# Johhny's Gone!



## Detail My Ride (Apr 19, 2006)

hey guys, just to let u no johnny's on holiday so adrian (Mr Marine) is incharge 

am i right adrian?? :driver:


----------



## Mr Marine (Jan 8, 2006)

Yep, been a hectic day - thanks for the orders !

:thumb:


----------



## AndyC (Oct 25, 2005)

And that warehouse was probably, oh, about 120 degrees, eh Adrian?


----------



## Mr Marine (Jan 8, 2006)

!! at least - but I'll let you in to a little secret - we have another rather good picker and packer now - his first day today !!! 

- So managed to cover some training on where and how to pack the products for despatch, checking the lids, spray heads with what ranges etc etc- we don't want to let the service drop !

I think he might wear shorts tomorrow !:lol:


----------



## Brazo (Oct 27, 2005)

Good stuff Adrian! PS when are you getting the APC back in?


----------



## AndyC (Oct 25, 2005)

Mr Marine said:


> I think he might wear shorts tomorrow !:lol:


:doublesho Adrian - standards are slipping mate


----------



## Mr Marine (Jan 8, 2006)

Brazo - APC fingers crossed Thursday ..........expecting confirmation sometime today.
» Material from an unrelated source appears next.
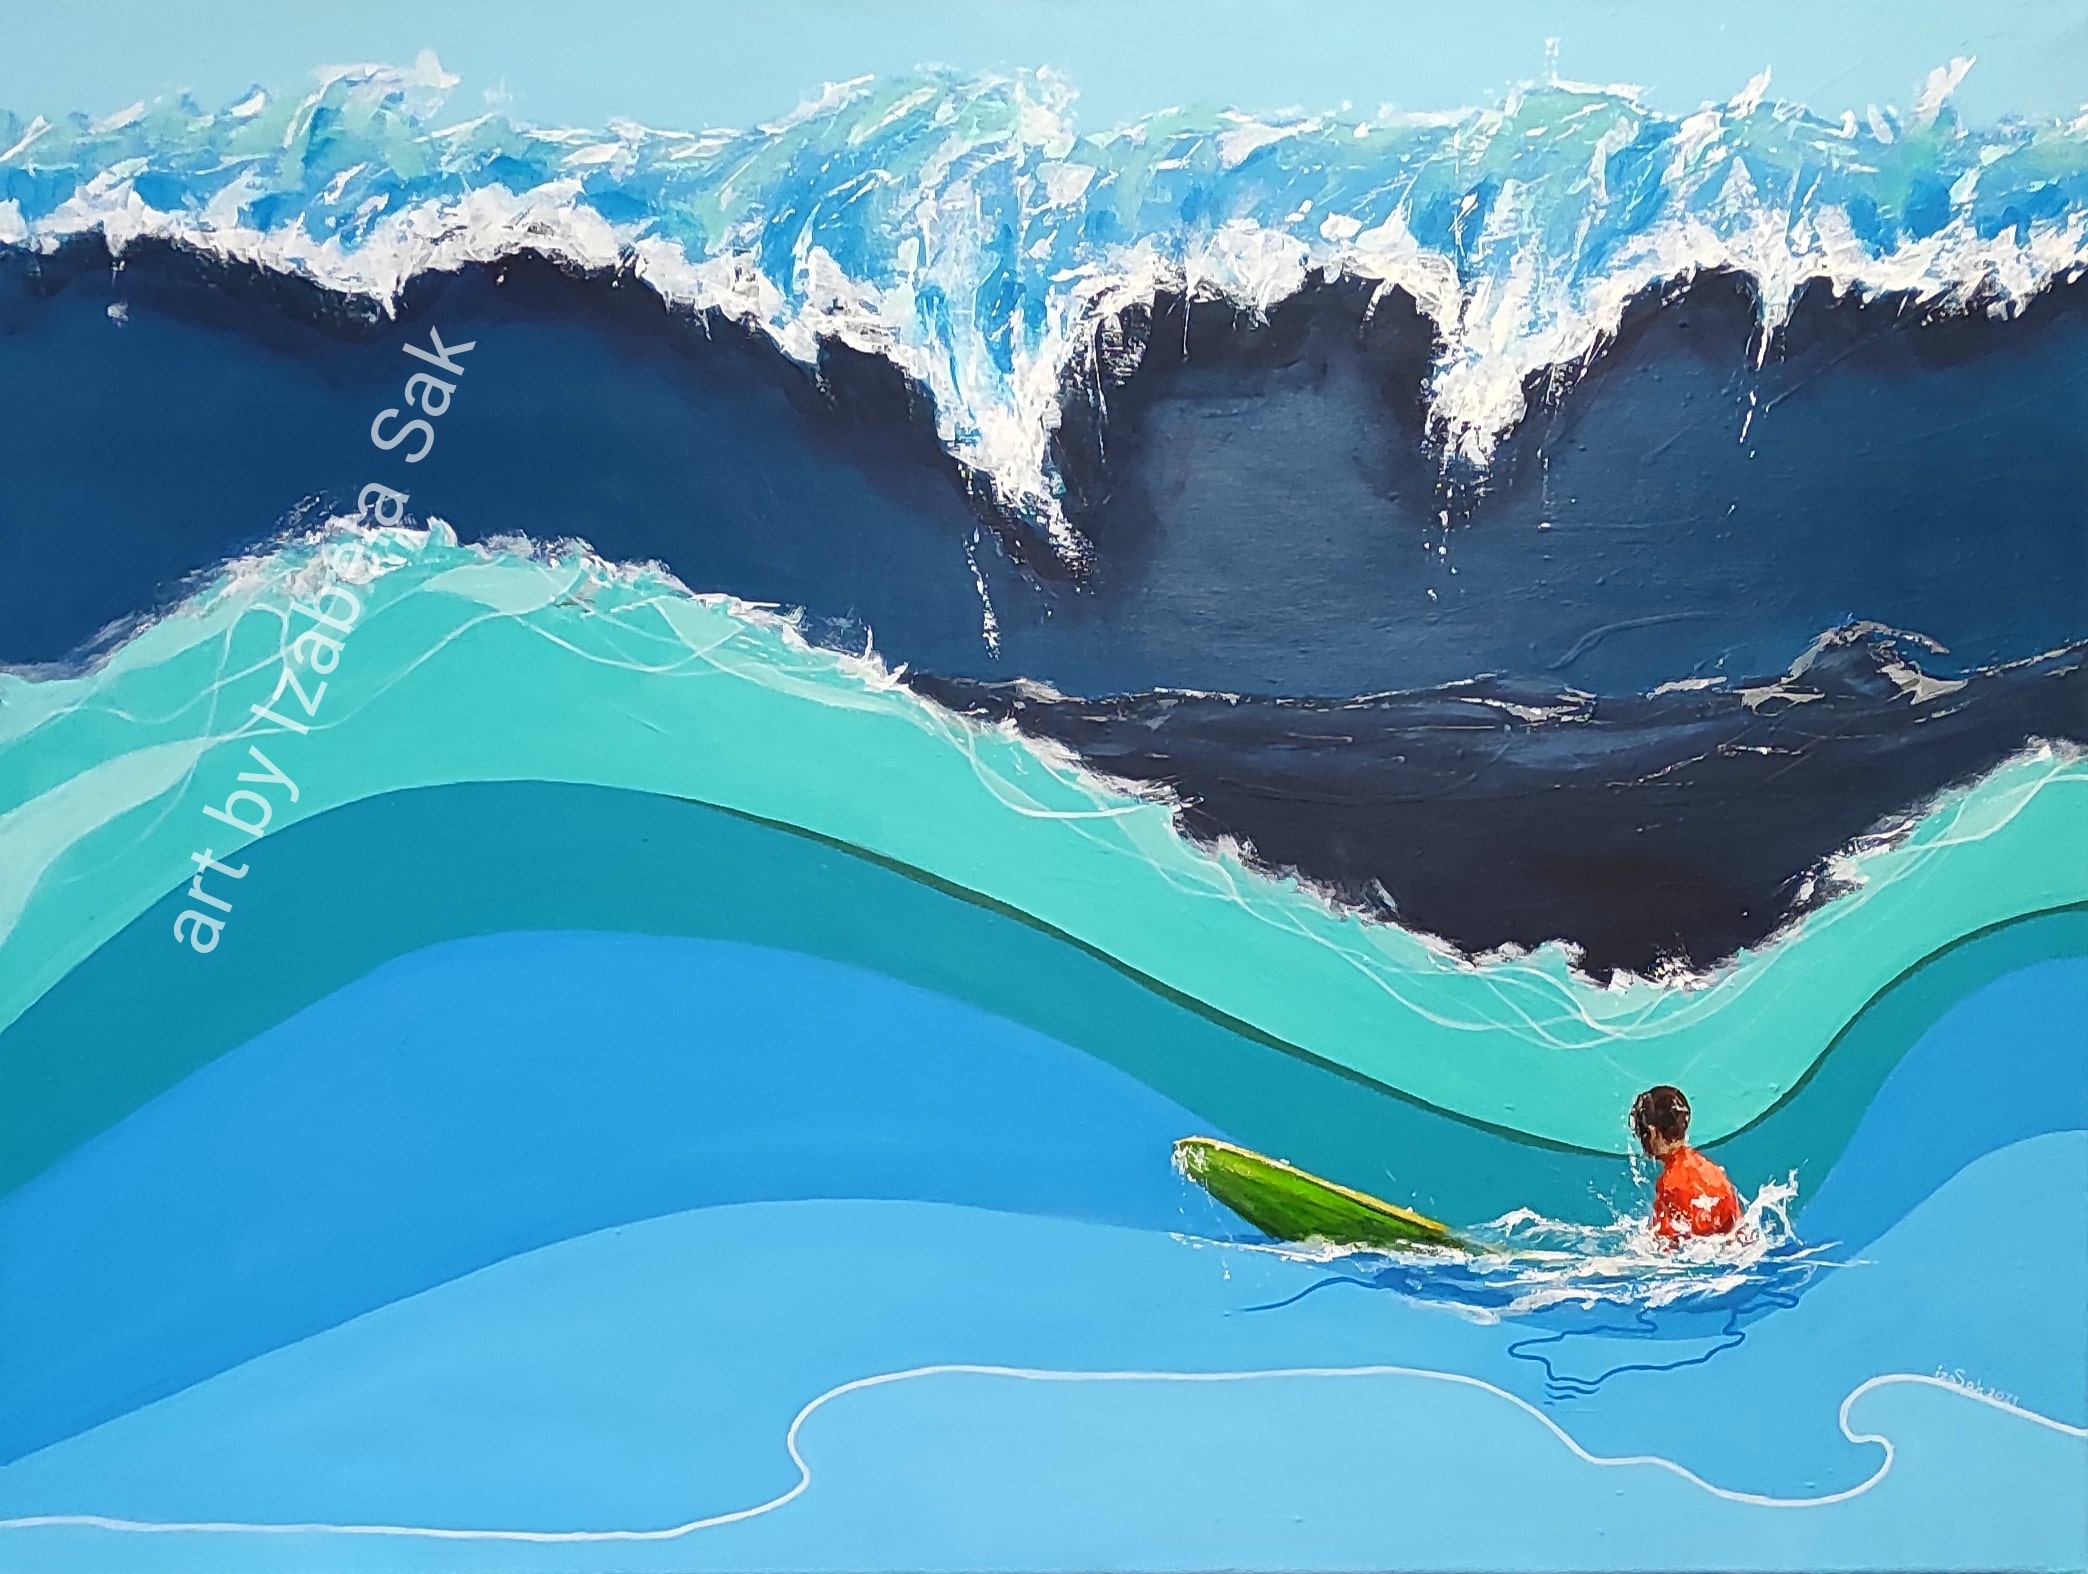 Obraz akrylowy na płótnie. Izabela Sak. Tytuł: Góra surfera. Rok 2021. 90cm x 120cm.

Will post on the C and S traders section when I hear.

We're expecting a huge delivery on Thursday this week, I reckon somebody planned that ! Mentioning no names !

- and Andy - it's OK - he has trousers on ! - He said it wouldn't look right ! 

So standards are still as high as ever !


----------



## AndyC (Oct 25, 2005)

Glad to hear it - wouldn't want things slipping in the Big Man's absence :lol:


----------